Chinese Uruguayans

Total population
- 226 declare China as homeland; 400+ Uruguayans of Chinese ancestry

Regions with significant populations
- Montevideo

Languages
- Chinese, Uruguayan Spanish

Related ethnic groups
- Overseas Chinese

= Chinese Uruguayans =

Chinese Uruguayans are Uruguayan citizens of Chinese ancestry or are Chinese people residing in Uruguay.

==Overview==
The first flow of immigration arrived in 1949, coming from mainland China and Taiwan. Nowadays there are some 400 Chinese immigrants in Uruguay, mostly living in Montevideo. Their activities include gastronomy, fishing, groceries.

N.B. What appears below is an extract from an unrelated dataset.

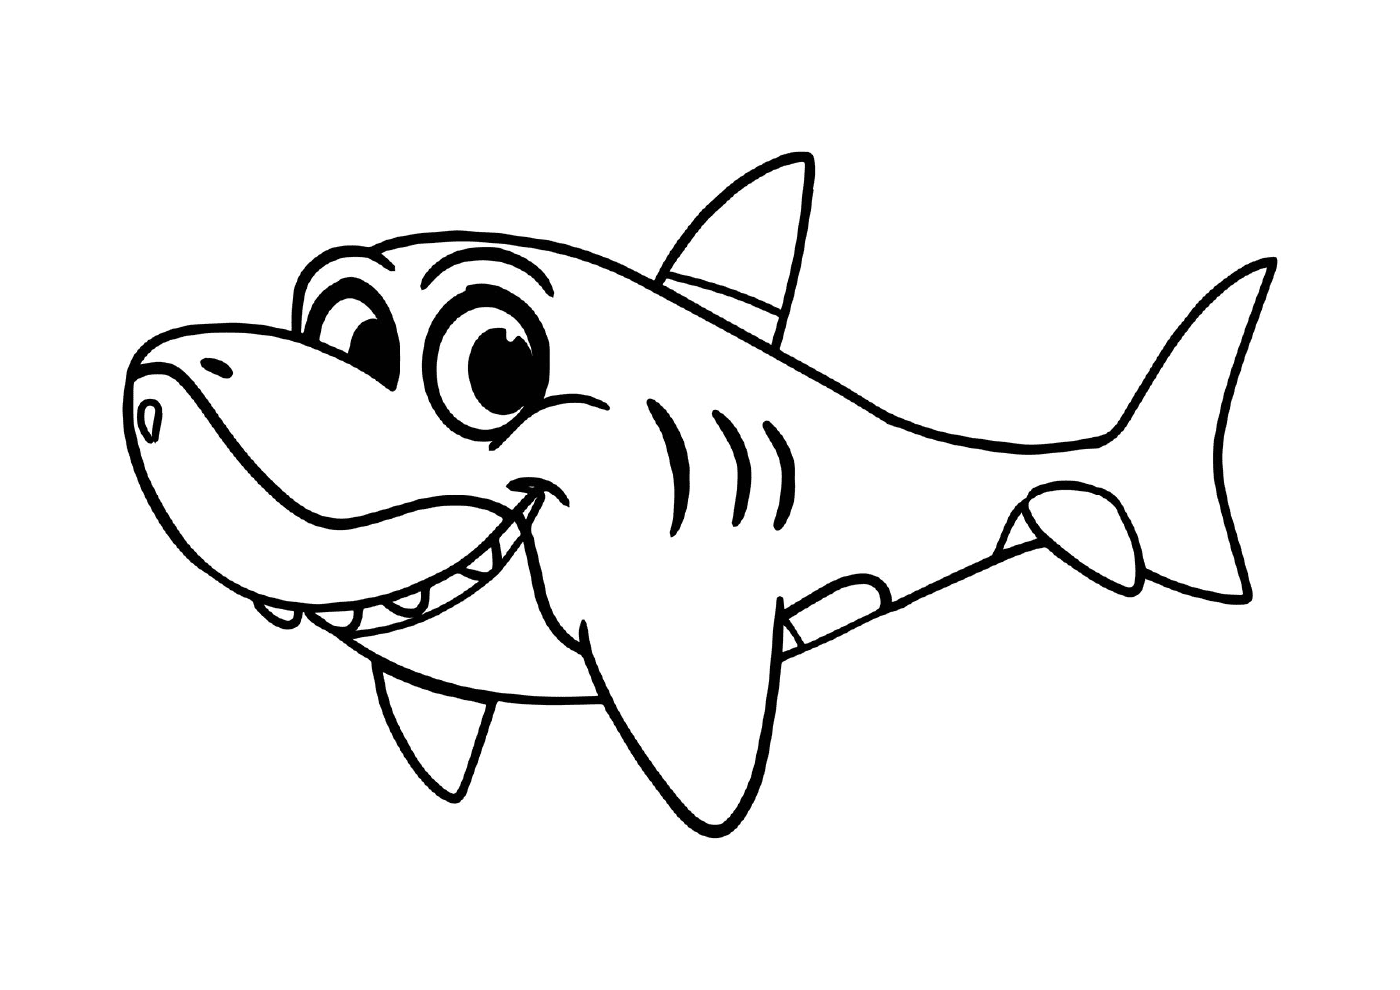  Facile squalo sorridente

The 2011 Uruguayan census revealed 226 people who declared China as their country of birth. As of 2013, there are 44 Chinese citizens registered in the Uruguayan social security.
Compared to neighboring Argentina and Brazil, with both nations containing a large population, Chinese immigration is significantly smaller in Uruguay.

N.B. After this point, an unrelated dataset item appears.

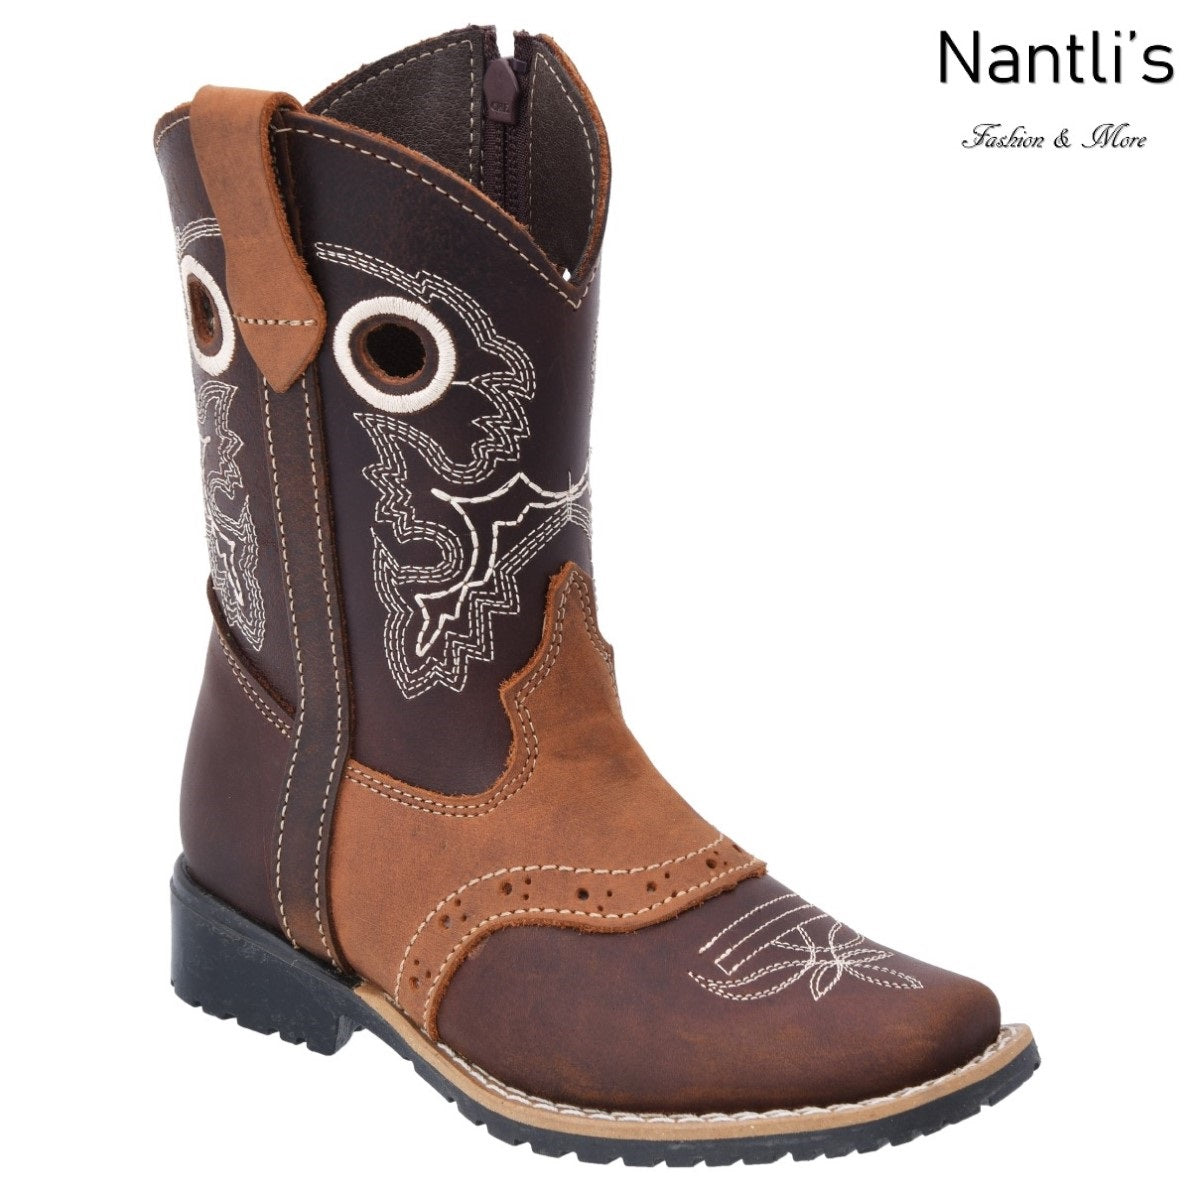 Botas vaqueras para ninos - Kids Western Boots – Nantli's - Online Store | Footwear, Clothing and Accessories

There are a Chinese Uruguayan Association, a Uruguay-China Chamber of Commerce in Montevideo, and a Confucius Institute in Uruguay.

Some Chinese immigrants teach their language to Uruguayans.

==Notable people==
- Cheung-Koon Yim (Beijing, 11 December 1936 - Montevideo, 7 November 2025), architect and university professor who fled from the Chinese Civil War.
- Adi Yacong Wu, professor of the Mandarin Chinese language.
- Jin Tan Meng (Guangzhou, 1982), businessman and first chinese-born uruguayan parliament member.